We’ve been huge fans of the Bar-à-vins [sadly now defunct] in the Moritz beer factory since before it opened last September. Yes, that’s right, Barcelona’s best wine bar (together with Monvínic) is by a beer company (and yes, their official “website” is their google profile). And as if they needed to add to their awesomeness, earlier this month they started a weekly rendez-vous with some of the most interesting Catalan and Spanish winemakers every Monday evening.

The first one started strong with super-couple Sara Pérez and René Barbier presenting different wines they produce both in the DOQ Priorat and DO Montsant under different brands. Somehow we missed the last two events (probably on a writing binge), but made it to last night's rendez-vous with Telmo Rodríguez. He’s a really interesting fellow who’s making very personal wines in nearly a dozen different regions all over Spain, most of which he exports. Although in recent years he’s made quite a name for himself internationally with his terroir-driven Rioja wines, the first wine of his we tasted over a decade ago was the Mountain Wine he makes in Málaga, southern Spain. It’s a gorgeous dessert Muscat that, despite having tried many delicious Empordà dessert Muscats, is simply beyond compare.

The wines we tasted yesterday were just a small sample of Telmo’s large portfolio: the Gaba do Xila Godello from Valdeorras in Galicia; Lanzaga from Rioja; Gago from Toro; and M2 de Matallana, a Tinto Fino from Ribera de Duero.

Telmo talked a great deal and very passionately about wine, and not only about these four wines but about his general philosophy. He’s a firm believer in the locale, or terroir, above anything else. So for the last 25 years he’s been seeking out unique properties around Spain where vineyards had traditionally been grown, to make wines that show the personality of the place they come from. It’s Rioja in particular, where he thinks wineries have been focusing for too long on the winemaking process itself, on “barrel talk” and types of equipment as opposed to where their grapes come from. Apparently he’s had quite a few problems with the DO bodies over that thinking, as they only allow wine labels to mention where the winery is located and things like the barrel-aging regiment (crianza, reserva, gran reserva, etc) but not the specific origin of the grapes or the estate. He compared the Spanish focus on grape varietals and aging to define wines to that of France (where he studied enology), where a wine is simply “a Burgundy” or “a Bordeaux” as opposed to a Chardonnay, a Pinot, or a Reserva.
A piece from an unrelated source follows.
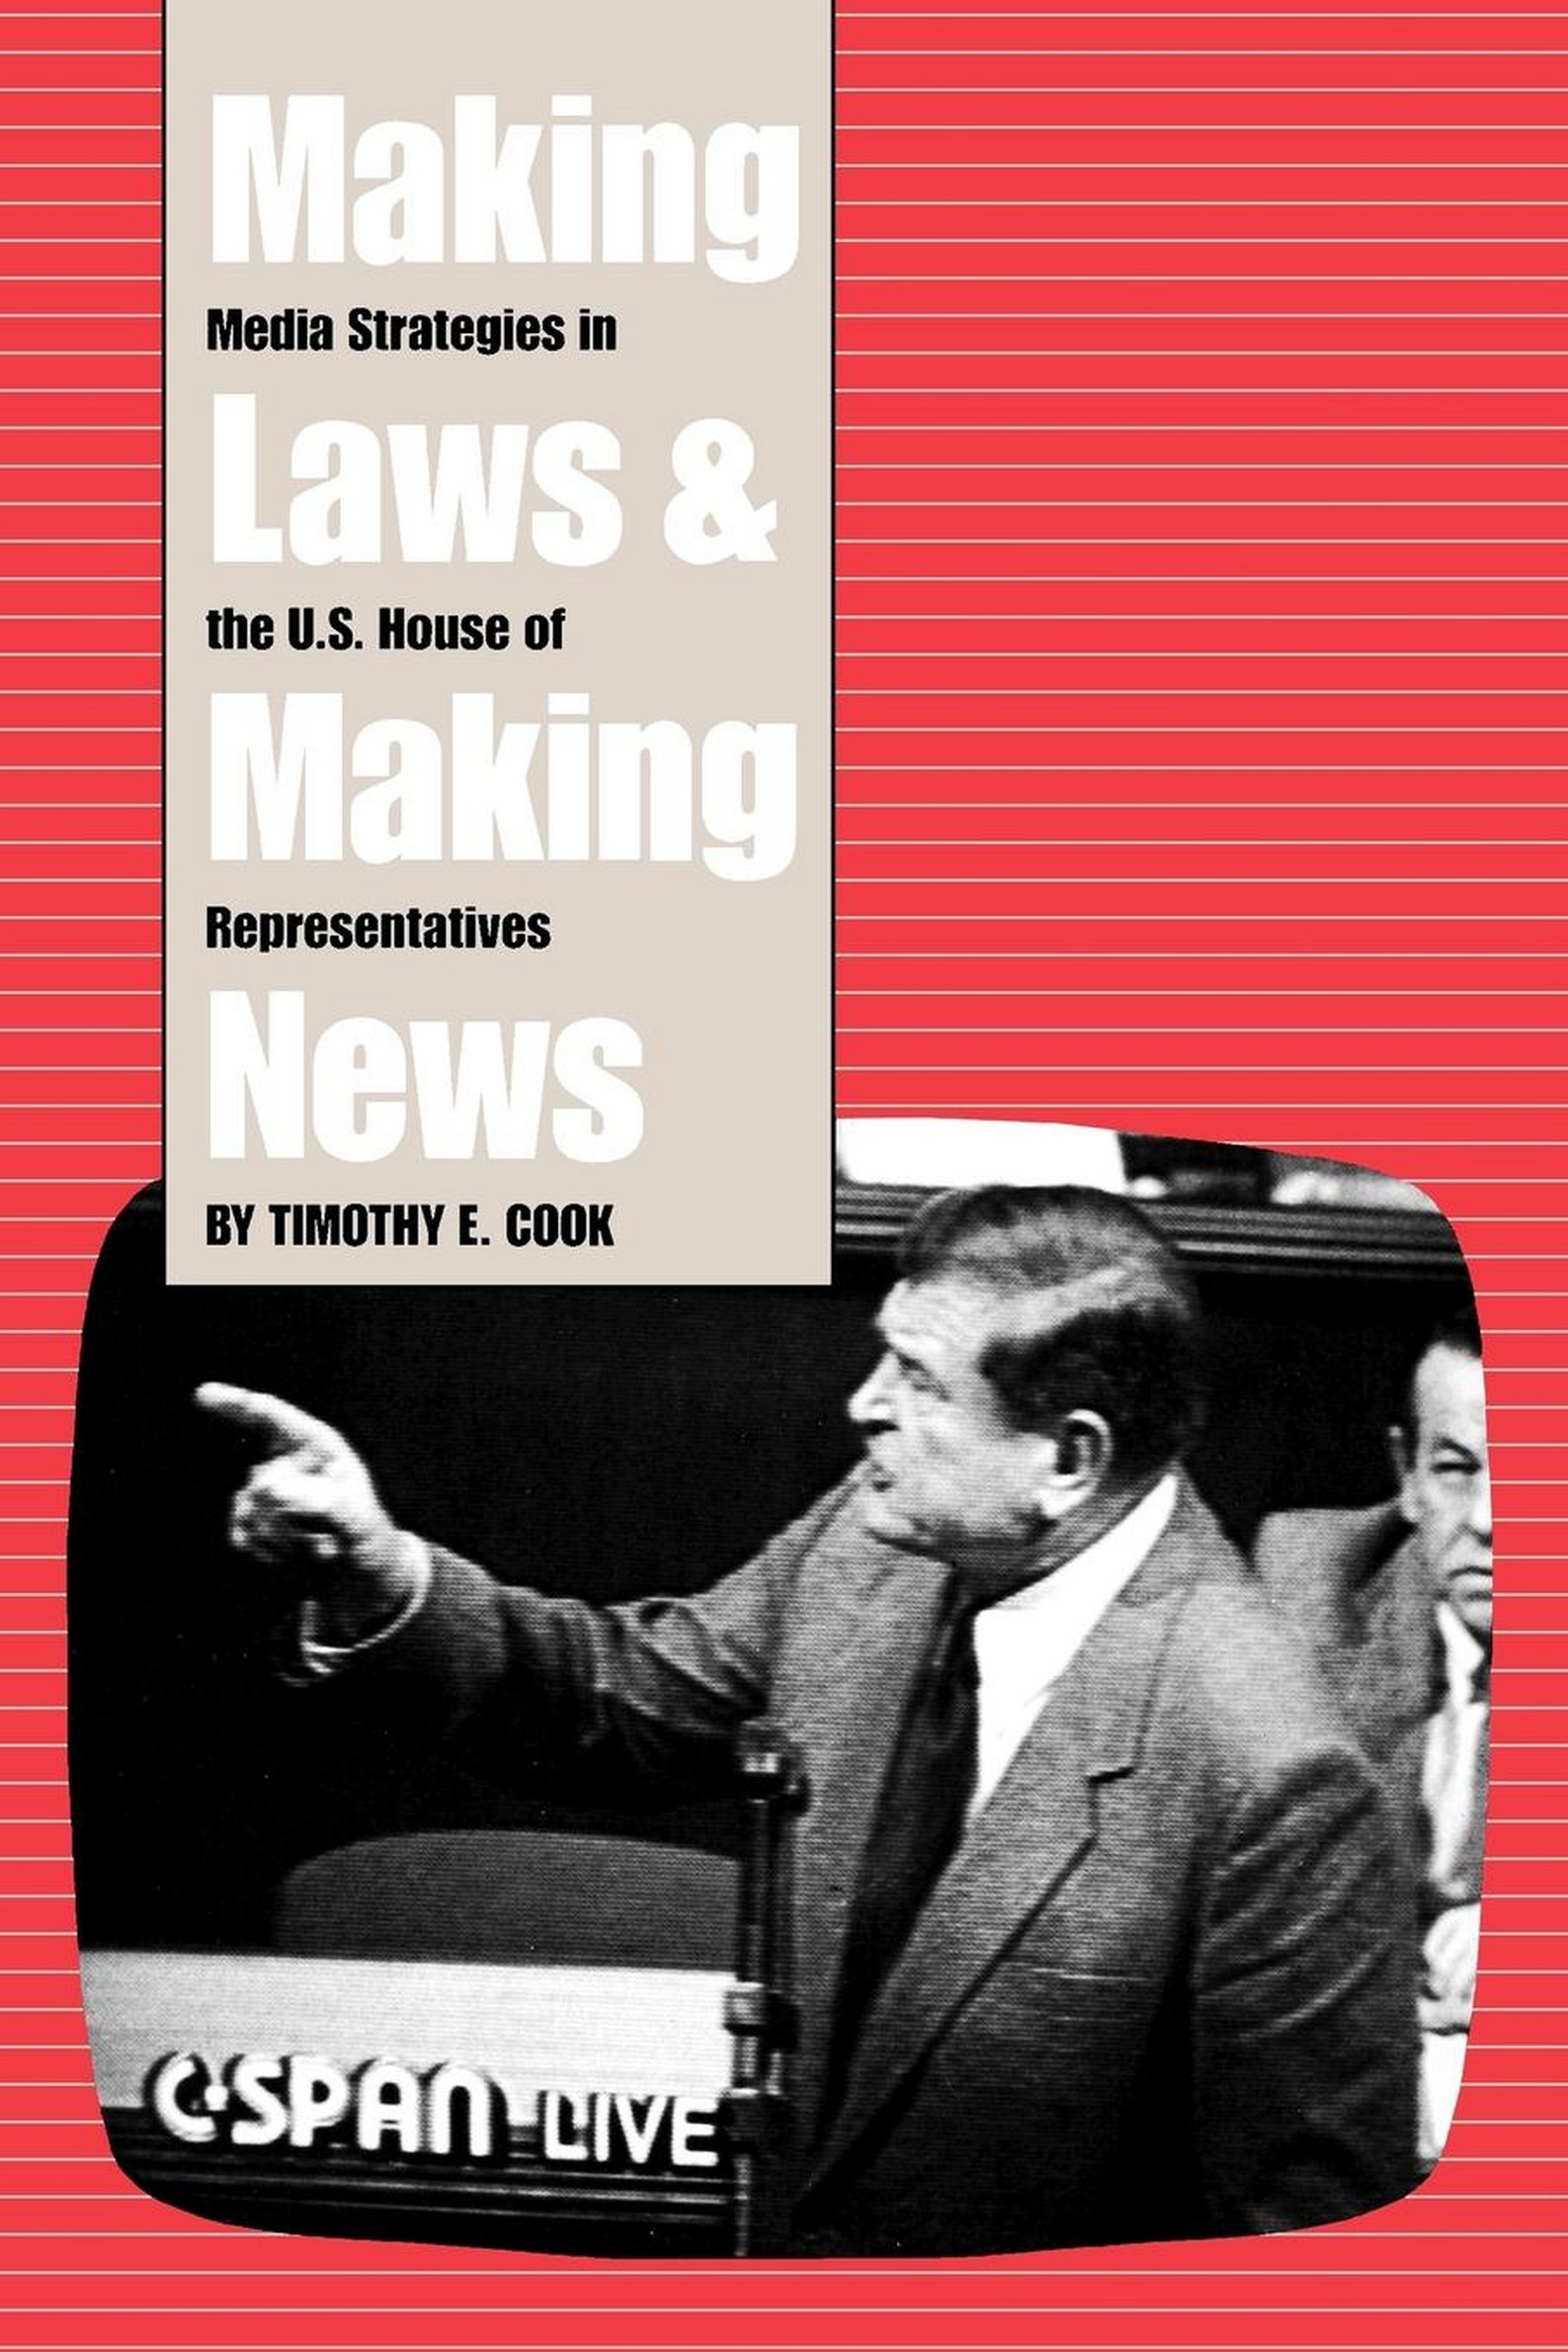 Making Laws and Making News: Media Strategies in the U.S. House of Representatives

But all that doesn’t mean Telmo is not interested in the different types of grapes–quite the contrary. He’s been working tirelessly to reach the full potential of local grapes and to recuperate almost extinct varietals in some areas. As you might have guessed, he’s not a big fan of the internationalization of wine – that is, the homogenization of wine. And because of that he’s not a fan of large industrial wineries, either. He said a lot of people ask him if his Rioja wines are more classic in style, like those wines from the 1960s or more modern. He didn’t know what to say, as he thinks the real distinction is between industrial wineries that only seek cost-effectiveness and craft winemakers who seek the unique personalities of each vineyard. In that regard, he said that wine requires time. The key ingredient to make excellent wine, he said, is not money, a certain equipment, a certain grape or the best consultants in the world. It’s time to understand your vineyard, which takes years and often decades. He said he only started to grasp what he could do in a certain area after 15 years of working there.

As to the overall tastes of the wines, they were wonderfully balanced and full of character. Each bottle lived up to all of his claims and while completely refined and articulated, they still allowed plenty of breathing room to have a unique character unto themselves. They will merit a more in depth tasting at a later date.